In neonates and small infants, due to very compliant chest wall and small diameter airways, there is a tendency for alveolar collapse and small airways closure during expiration, the ultimate implications being reduced functional residual capacity (FRC), ventilation perfusion (VQ) mismatch and decreased CO2 excretion/decreased end tidal carbon dioxide (ETCO 2), leading to hypercapnia and hypoxaemia and acidosis. But this collapse during expiration is usually prevented by “spontaneous glottic closure reflex”, a protective reflex normally present in neonates and small infants, thereby maintaining FRC, which improves alveolocapillary gas exchange by increasing the lung volume. Endotracheal intubation (i.e. bypassing the upper airways) eliminates this protective mechanism and puts the infant into the risk of airway closure and alveolar collapse leading to hypercarbia and hypoxaemia.[1–4] Intra operative airway collapse in an infant needs to be diagnosed as early as possible to avoid serious consequences of hypercapnoea and hypoxaemia. This report sums up the incidental early detection of airway closure from typical pigtail shaped signature capnogramand therefore timely management by early application of positive end expiratory pressure (PEEP) in a series of three endotracheally intubated small infants undergoing surgery under general anaesthesia.

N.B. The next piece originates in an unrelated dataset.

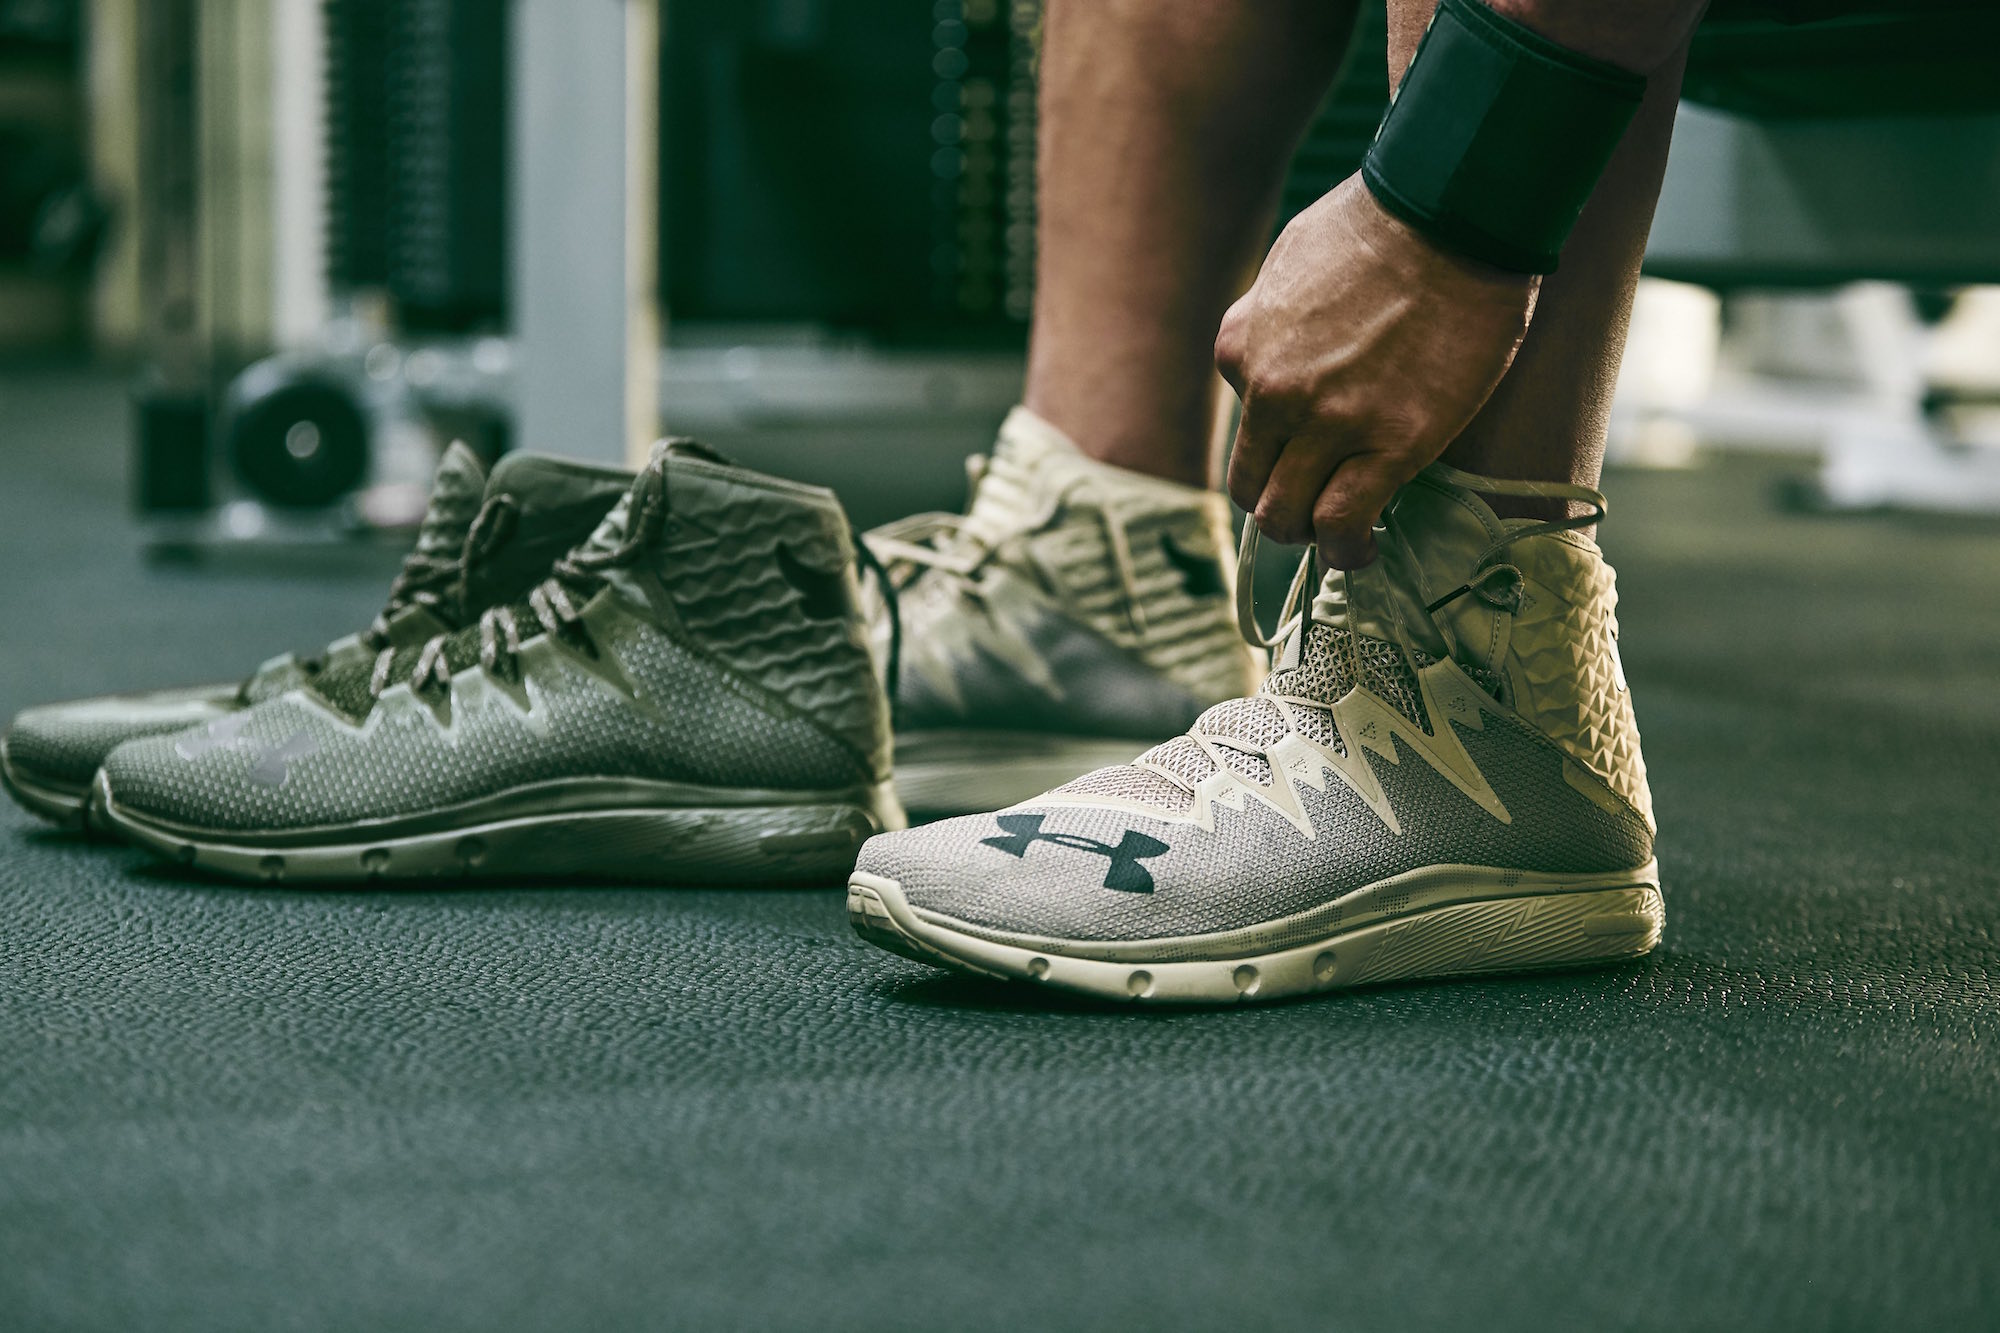 Under Armour Launches the Highlight Delta 2, a Worthy Upgrade - WearTesters

A 2-month-old female baby weighing 6 kg was posted for congenital umbilical hernia repair under general anaesthesia. The baby had a history of premature birth by 1 month. All investigations were within normal limits. There was no history of recent upper respiratory tract infection.
After usual fasting guidelines, the baby was taken to the operation theatre and intravenous line was secured under light Halothane anaesthesia, after all standard monitors (pulse oximetry, noninvasive blood pressure, precordial stethoscope and ECG) were connected and baseline parameters were recorded, (pulse 112/min, BP 106/66 mmHg and SpO2 100%).
The baby was premedicated with i.v. Atropine 0.01 mg/kg, Ondansetron 0.1 mg/kg and Fentanyl 1.5 mg/kg. Induction was carried out with Propofol 2 mg/kg and intubation was done with Veccuronium 1.2 mg/kg using 3.5 size uncuffed endotracheal tube.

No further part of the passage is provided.